Cecelia’s uncle got comfortable. He made no move for the TV. Cecelia was already late for the vigil. This would be the second week she’d be all alone out there. She wondered how long was polite to stay in Mr. Fair’s room, seeing as he was oblivious, and after about ten minutes she cleared her throat and said she was going on down. “Take your time,” her uncle said.

She was free to arrive at the vigil any time she wanted. She would have the parking lot to herself, no one to witness or judge her. In another way, she wanted to keep observing the rules. That corner of the parking lot was sitting vacant and Cecelia was the only person who had the right to change that. If she was going to vigil, she was going to do it correctly.
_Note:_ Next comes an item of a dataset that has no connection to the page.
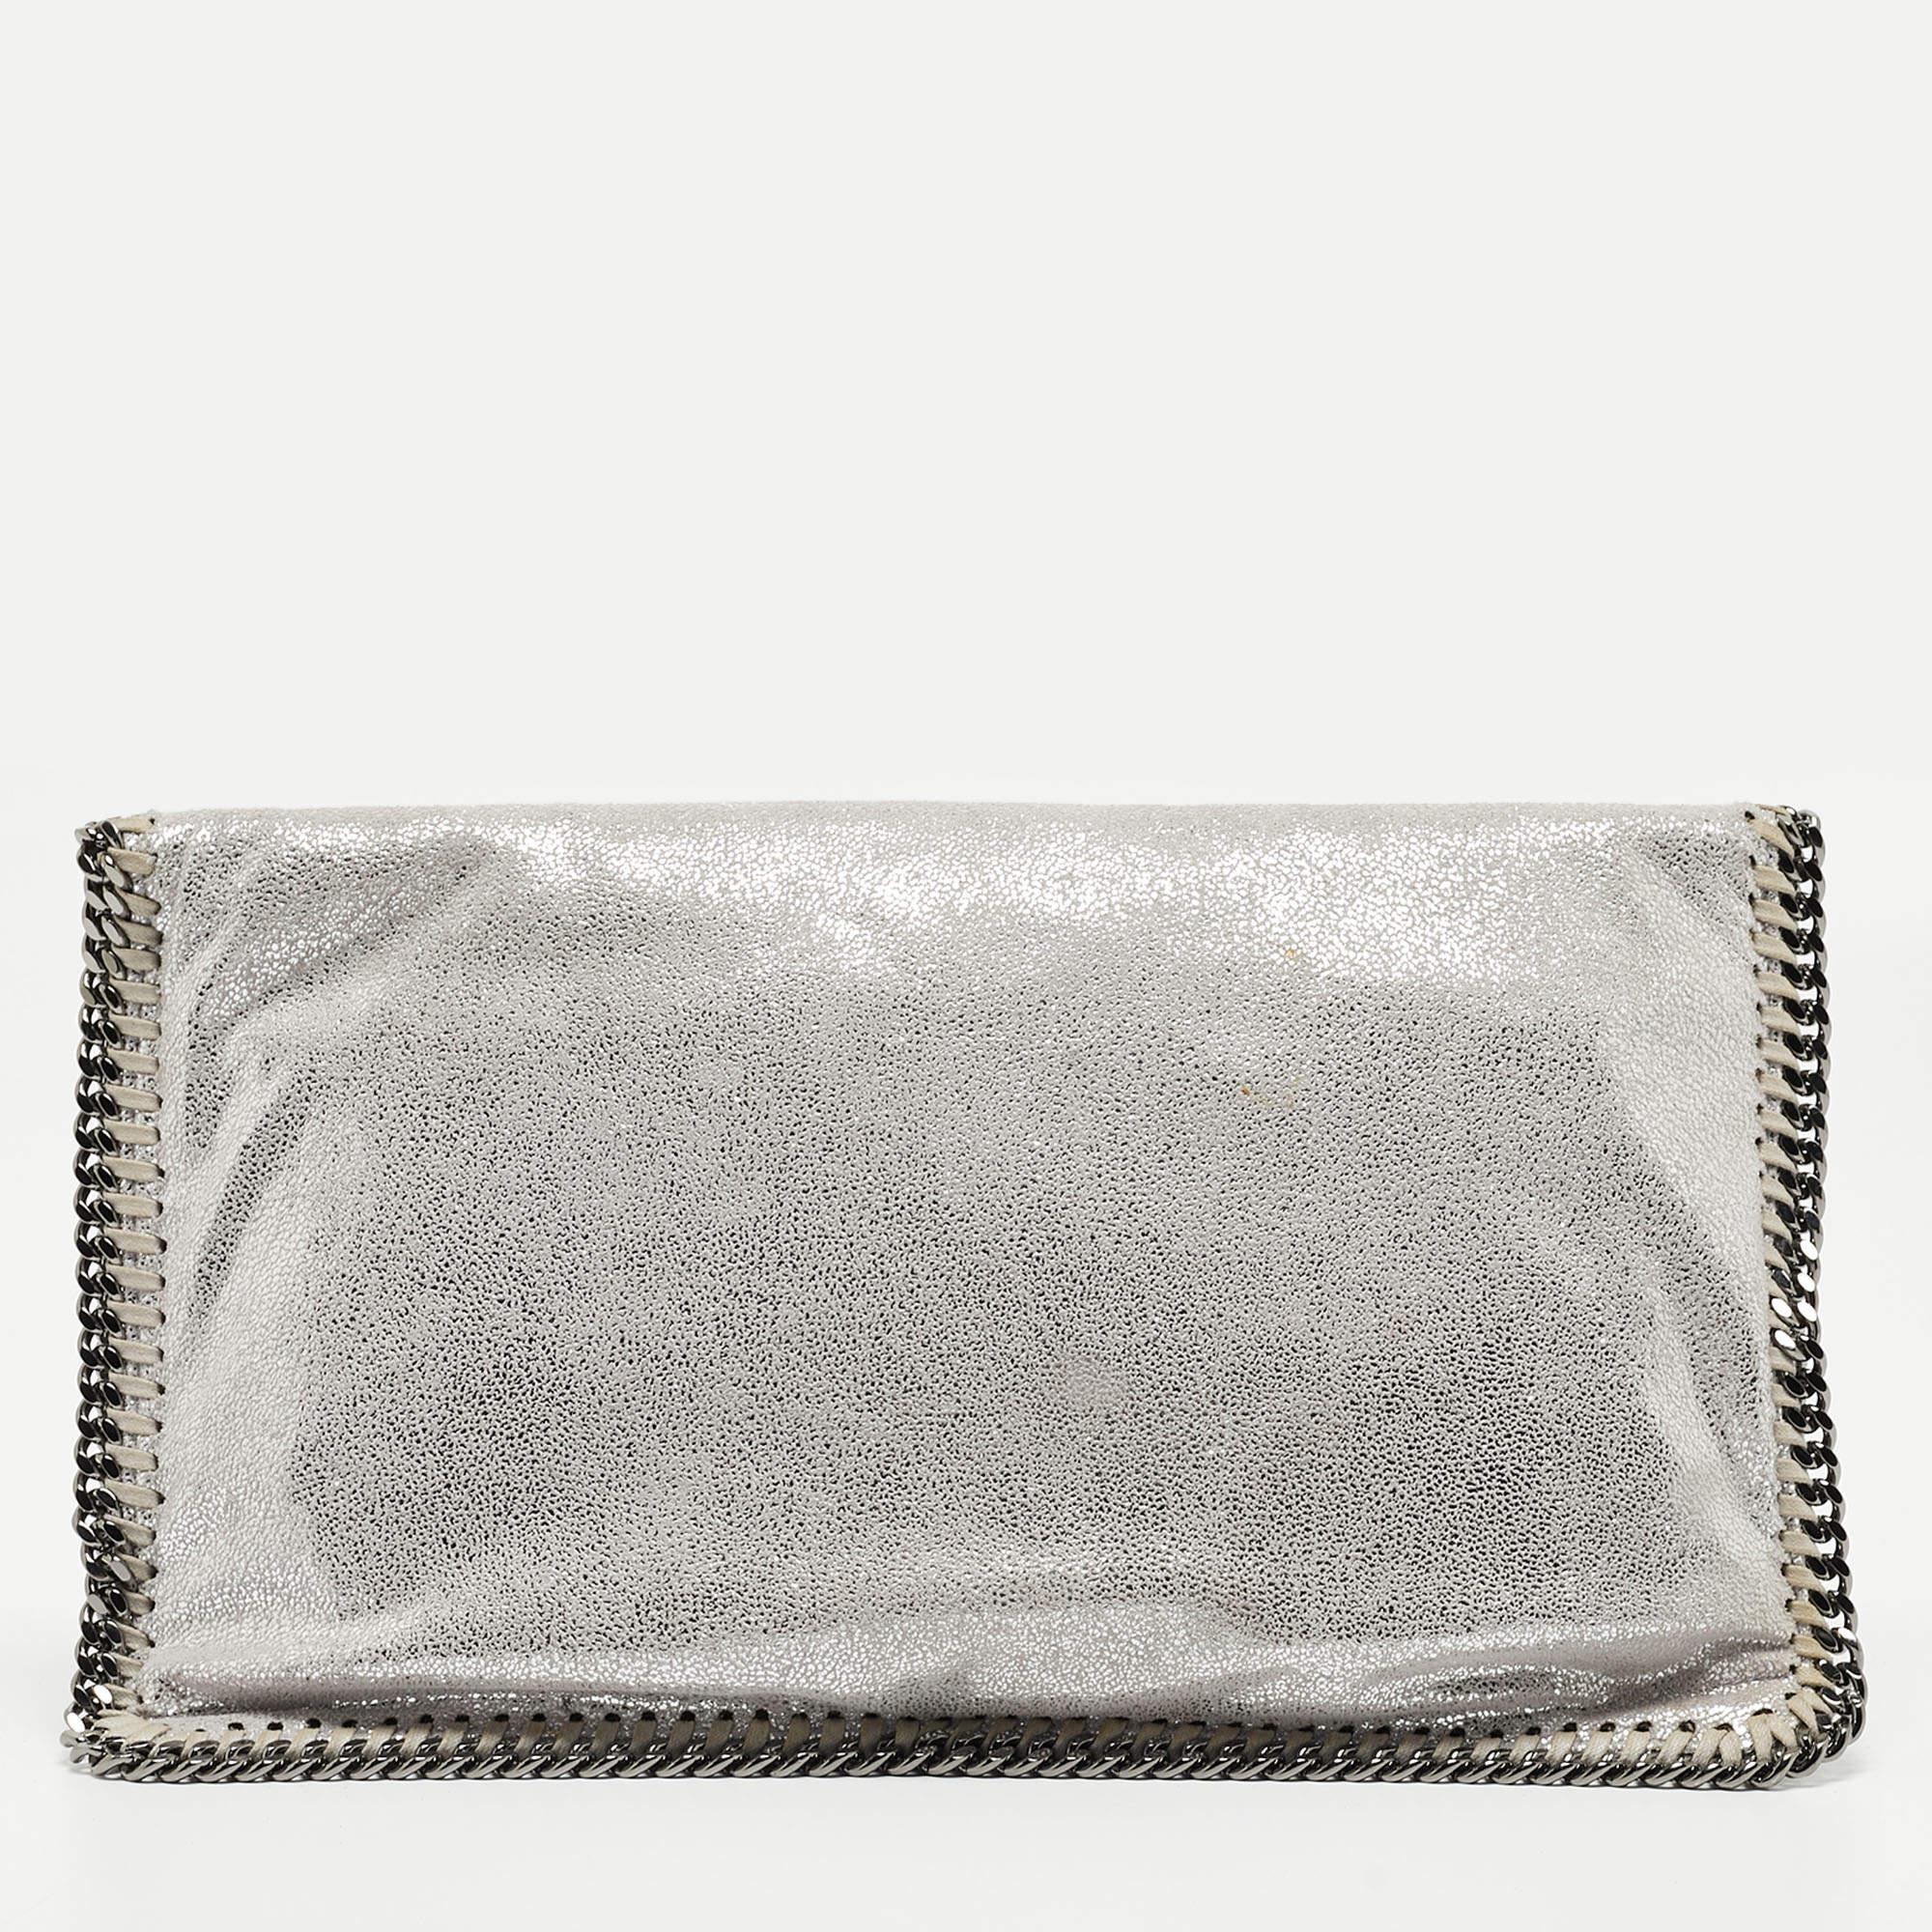 Stella McCartney Silver Faux Leather Falabella Fold-Over Clutch For Sale 7

She took the monotonous hallway toward the elevators, thinking of being outside, of completing another week, fulfilling duty, of breathing the night air, which this evening had been strangely humid as it had rushed in the windows of her uncle’s car. A few rooms from the end of the hall a woman wheeled out from her doorway and called to Cecelia, her wheelchair almost bumping Cecelia’s leg. Cecelia stopped short and the old woman pinched the sleeve of Cecelia’s sweatshirt.

“Can you find me a blanket, sweetie?”

Cecelia looked up and down the hall. Not a soul. She couldn’t tell what kind of face she was making at the woman.

“I need a blanket and a cola,” the woman said. She opened her eyes as wide as they would go. “You can’t say no to a cold, thirsty old lady.”

“I guess that’s true,” said Cecelia. “I bet that line works every time.”

The old woman dug through a small bag hanging from the arm of her wheelchair. She smelled sick and sweet, like a dessert that had been left out. Her gray hair was thick and lustrous. She tugged a rumpled dollar bill flat and handed it to Cecelia, then explained where the vending machines were. Cecelia was wondering why the woman didn’t call her nurse. She probably wasn’t allowed to have soda.